Wednesday, April 4, 2012

A.M. Ramblings.

I have to admit that I haven't really liked who I've been lately. It's not like I've been acting drastically differently or anything, but I just feel like my attitude and demeanor has changed some. I don't know why and I don't know how to fix it. But I find myself saying and doing things that afterward I wish I could take back. I don't like that I said them, how I said them.

I always try to speak with a purpose and I feel like a lot of my words have been said without that lately. Or at least, with the wrong purpose maybe. It's not like I've been saying mean or rude or unreasonable things, but none of it comes out the way I mean or want it to and that is very frustrating for me.

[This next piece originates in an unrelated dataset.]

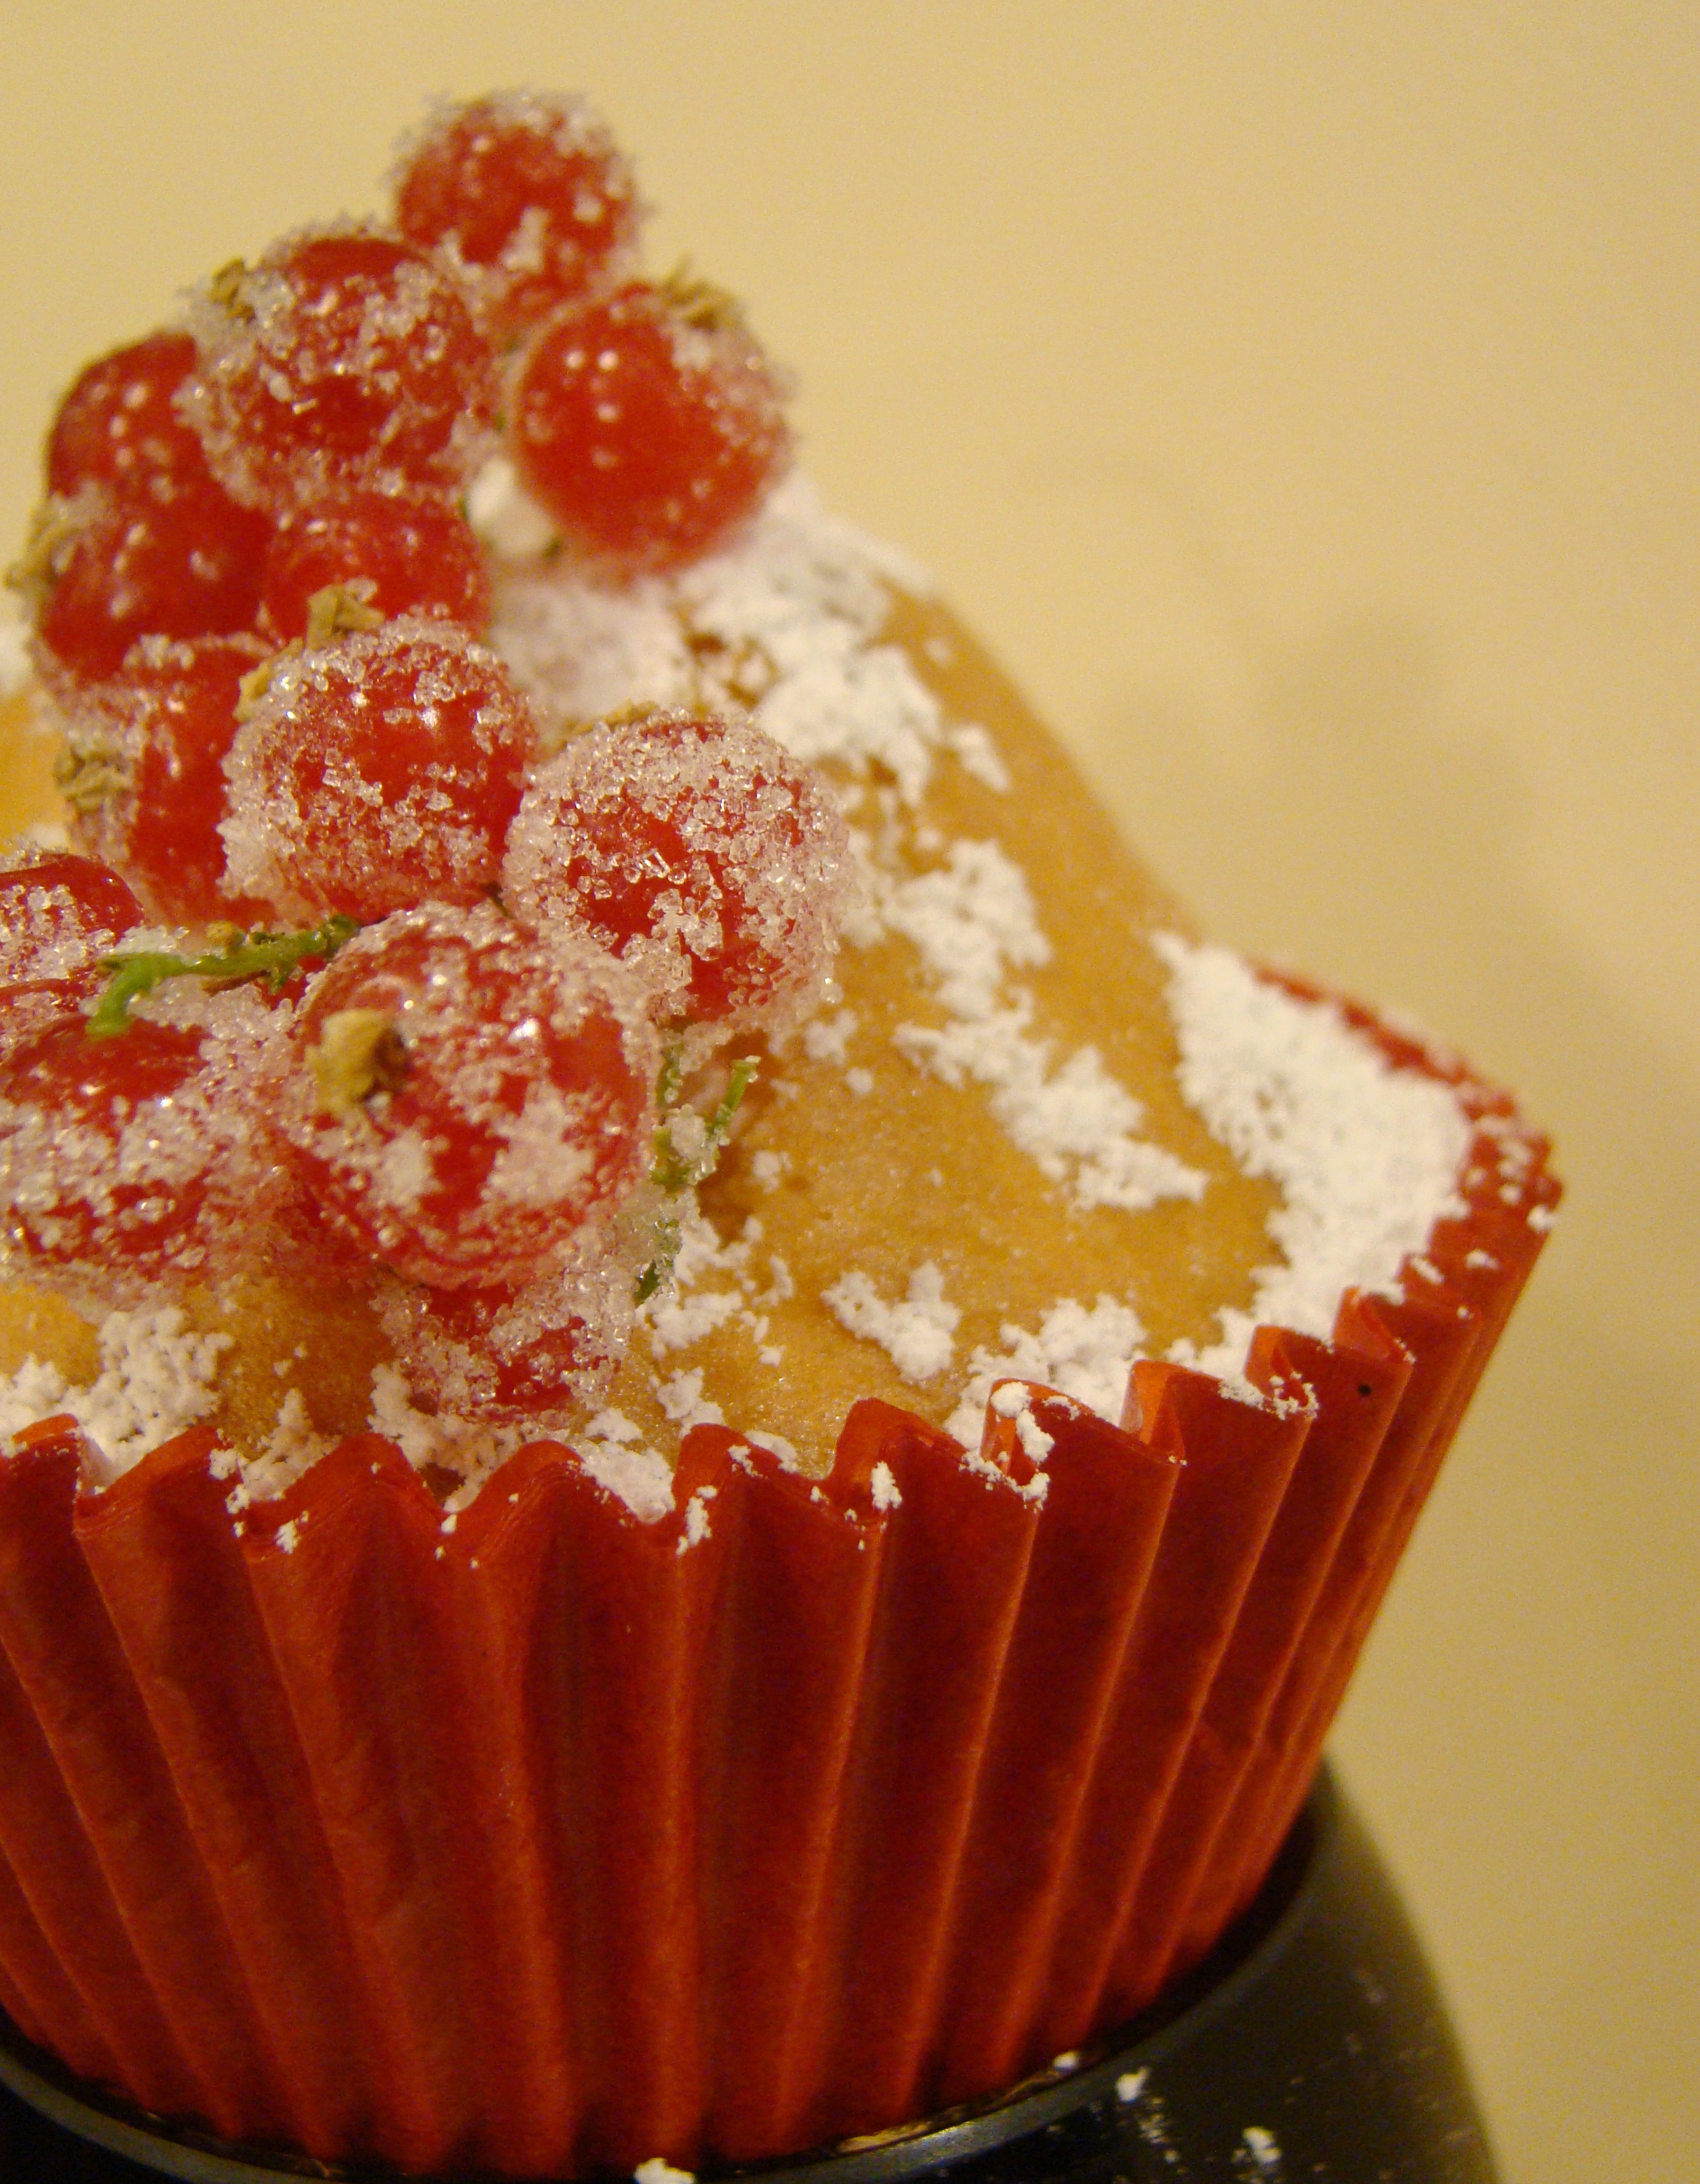 Lemon Thyme with Red Current Cupcake

I feel as though I'm in a subconscious state of panic. The end of the school year is coming and I don't want this all to end. Don't get me wrong, I'm excited for school and summer, but there are aspects of my life right now that I don't want to let go of. I don't want them to disappear. Plus, I'm really not looking forward to living with my mom again. I mean, it will be nice in some ways, but after being pretty independent for this long, it's going to make it difficult to make the transition.

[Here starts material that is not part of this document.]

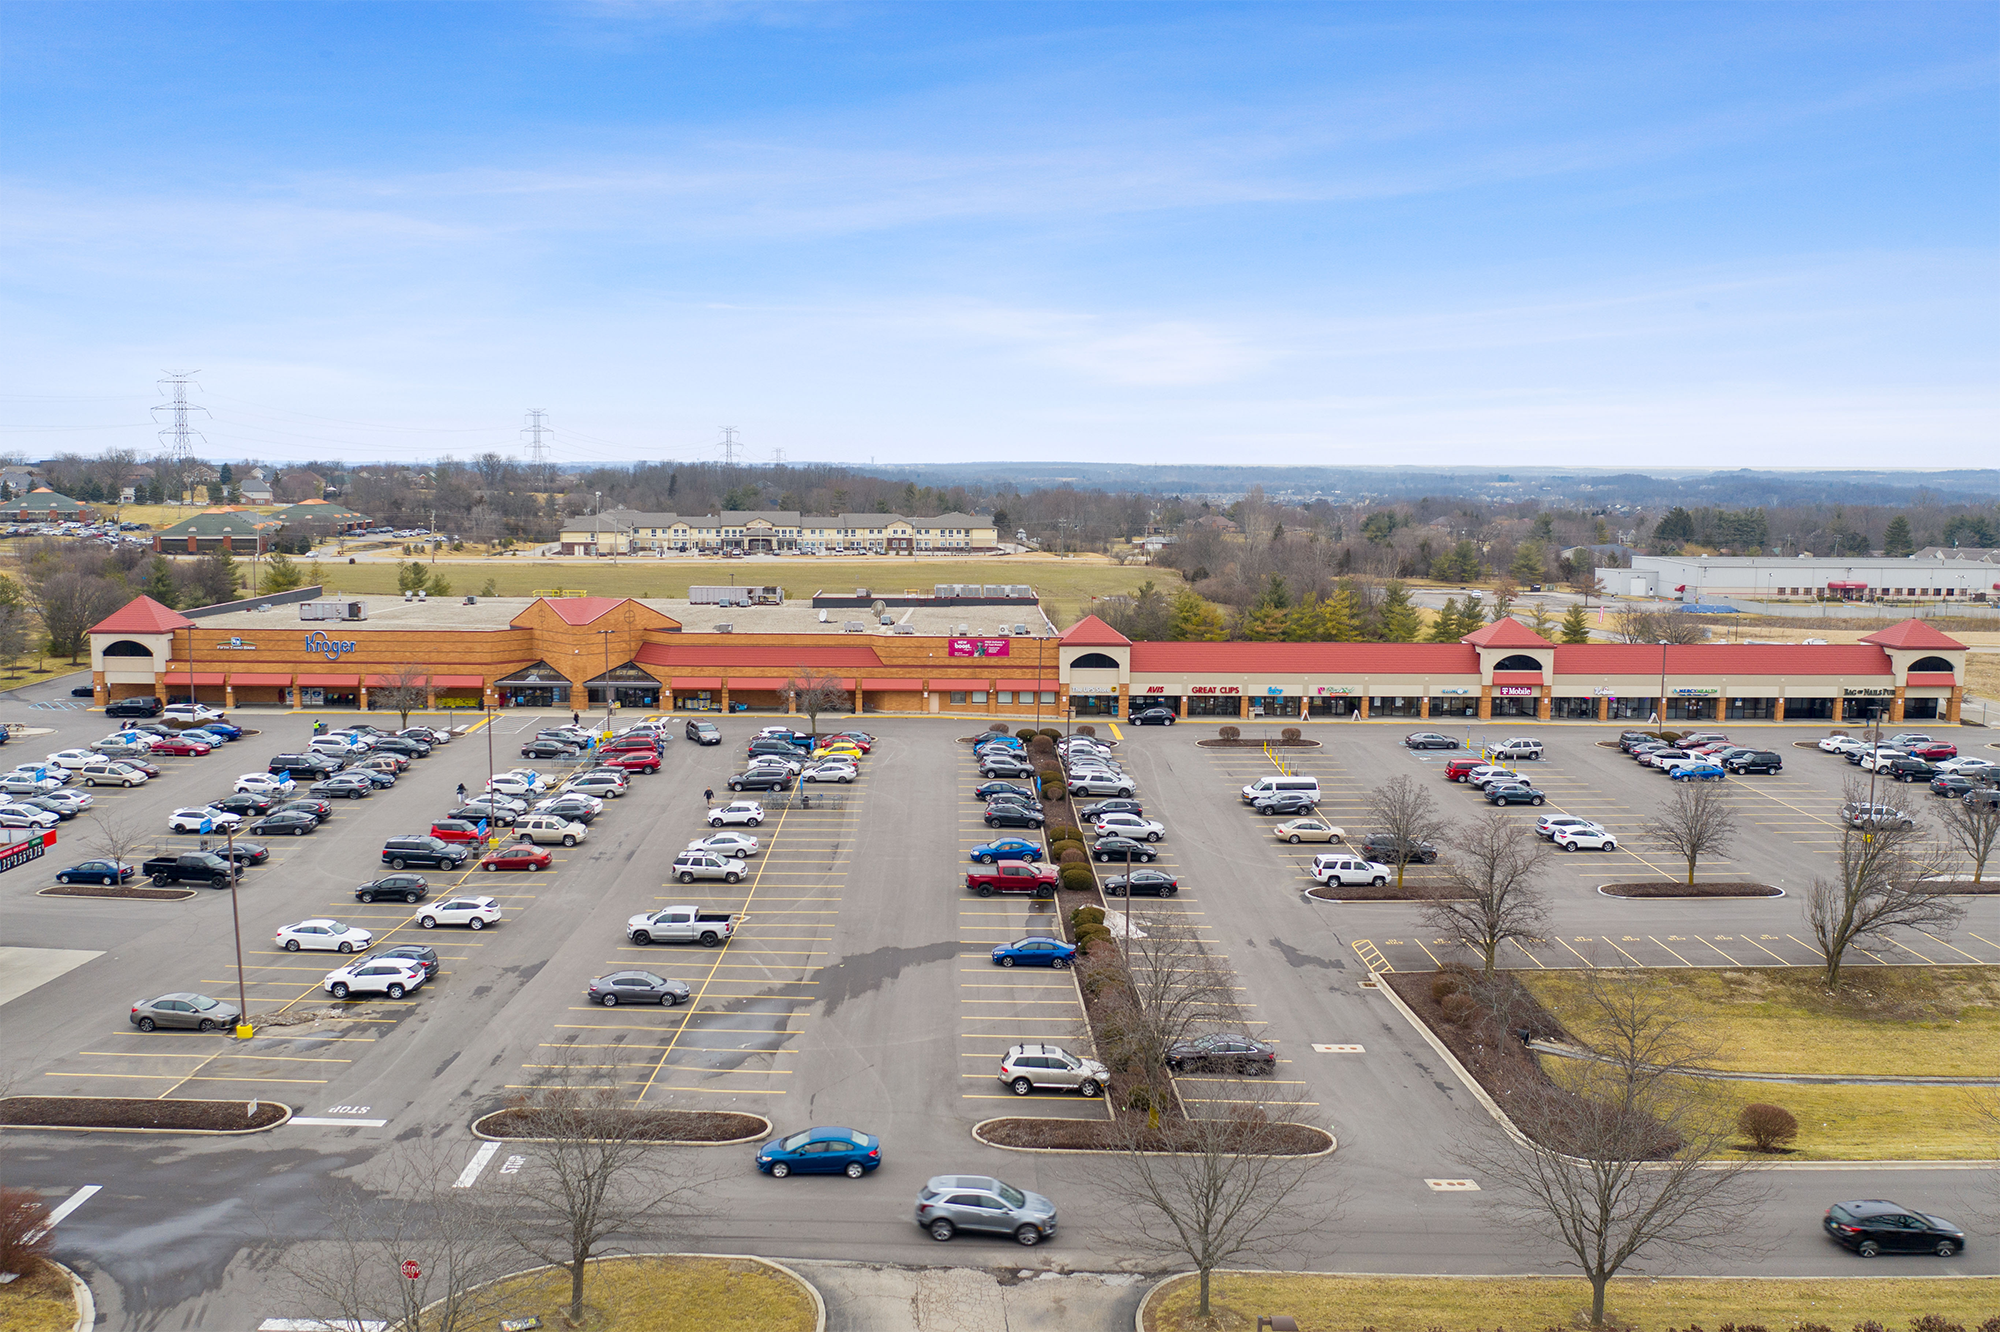 Drone view of Shoppes of Mason storefronts and parking.

Having all of this and all my finals and homework on my mind is stressing me out a bit, I think and maybe this is why I've been speaking and acting more strangely lately. I'm not sure, but I just want to make the most of this last month and ensure that certain things and people stay in my life after this semester is over...and that includes the person I have become throughout this year. Because all in all, I've been pretty proud of my development. I hope it continues.